И как город, открывшийся передо мной, когда мальчики распахнули окна. Я увидел скользящие по зеленоватой воде маленькие черные лодки – гондолы (они были уже тогда), залитые ослепительным солнечным светом, и людей в шикарных алых или золотых плащах, спешащих куда-то по набережным.
Мы тоже спустились в гондолы – целая армия, – и не успел я оглянуться, как уже отправились в путь.

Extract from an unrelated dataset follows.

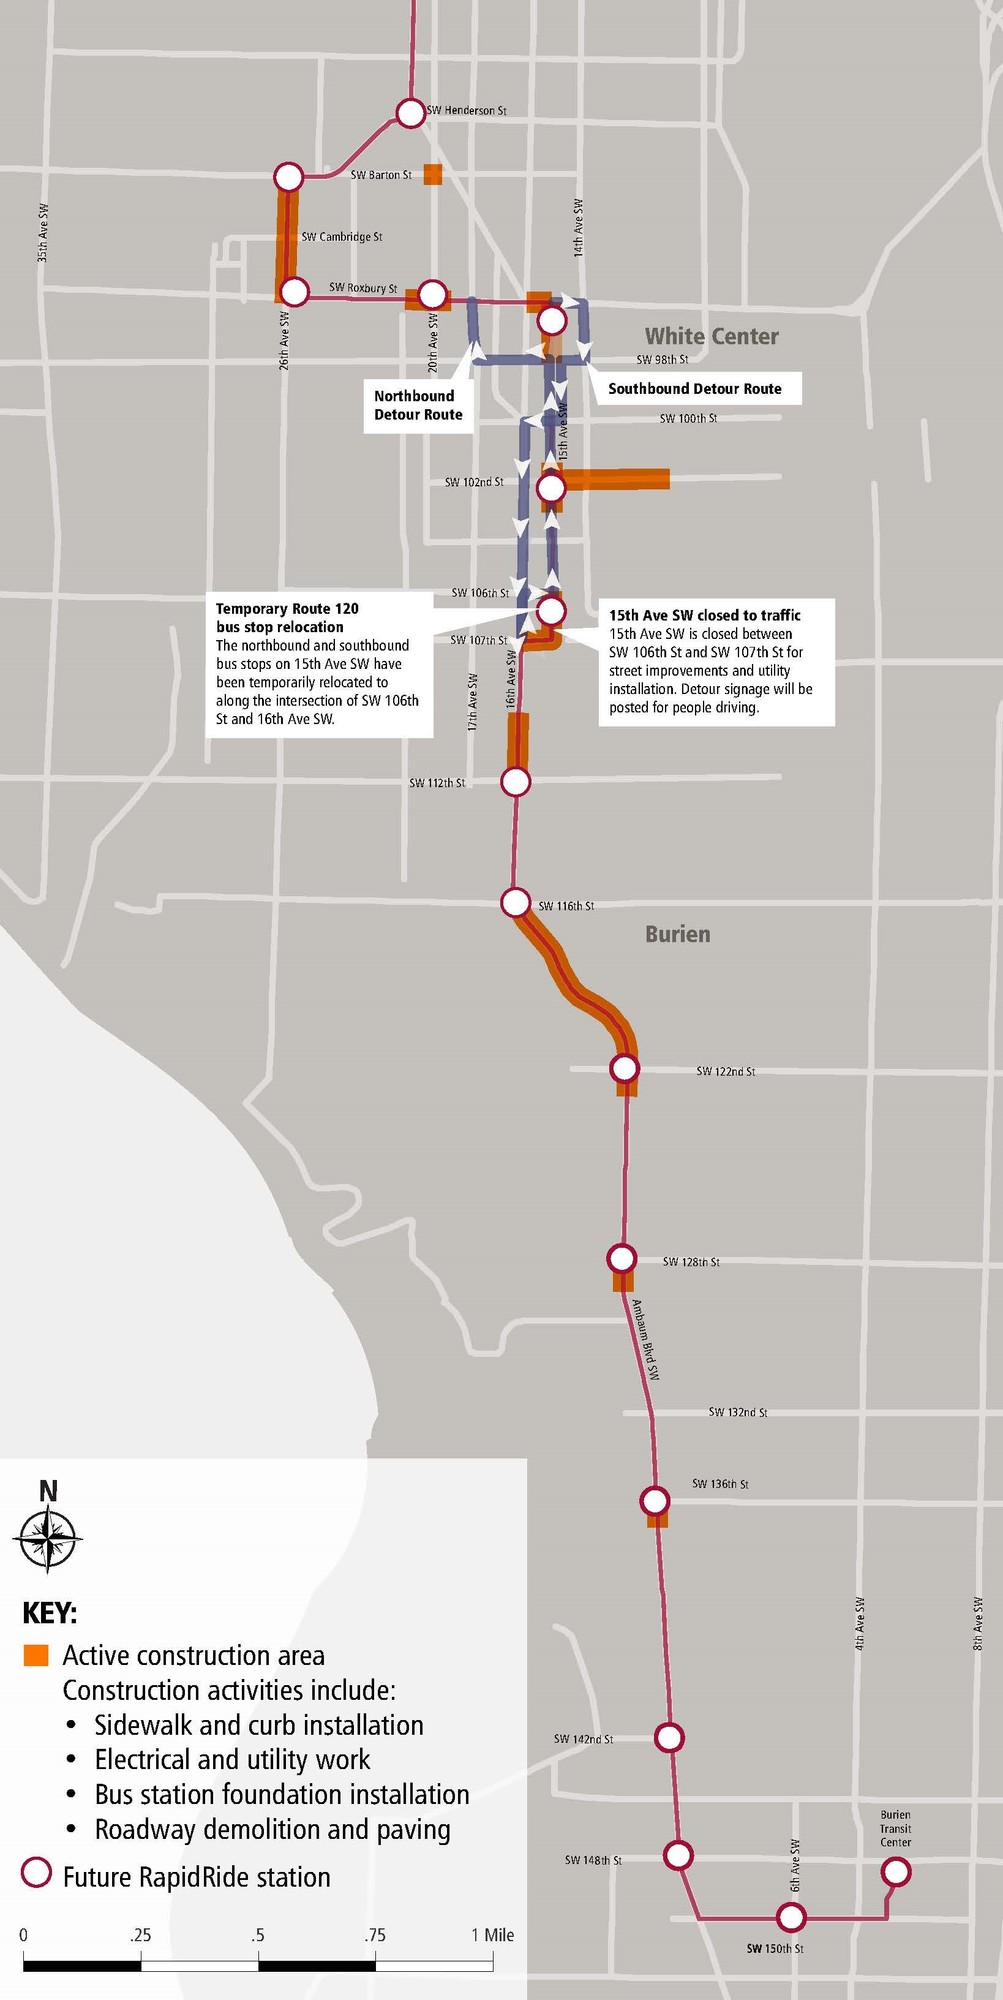 Map of active RapidRide H Line construction zones, including future RapidRide route and stations, road closures and detours, and bus stop relocations.

Гондолы, как грациозные стрелы, беззвучно скользили между фасадами громадных домов, великолепных, как соборы, с узкими остроконечными арками, с окнами в форме лотосов, облицованными блестящим белым камнем.
Даже самые старые и небогатые жилые здания, не слишком нарядно украшенные, но тем не менее чудовищные по размеру, были выкрашены в разные цвета: в ярко-розовый – такой насыщенный, что казалось, будто стены покрыты раздавленными лепестками, – или в густо-зеленый, почти одного тона с мутной водой каналов.
Мы прибыли на площадь Сан-Марко, с двух сторон обрамленную длинными, абсолютно симметричными галереями.
Сотни толпящихся перед золотыми церковными куполами в противоположном от нас конце площади людей показались мне обитателями рая.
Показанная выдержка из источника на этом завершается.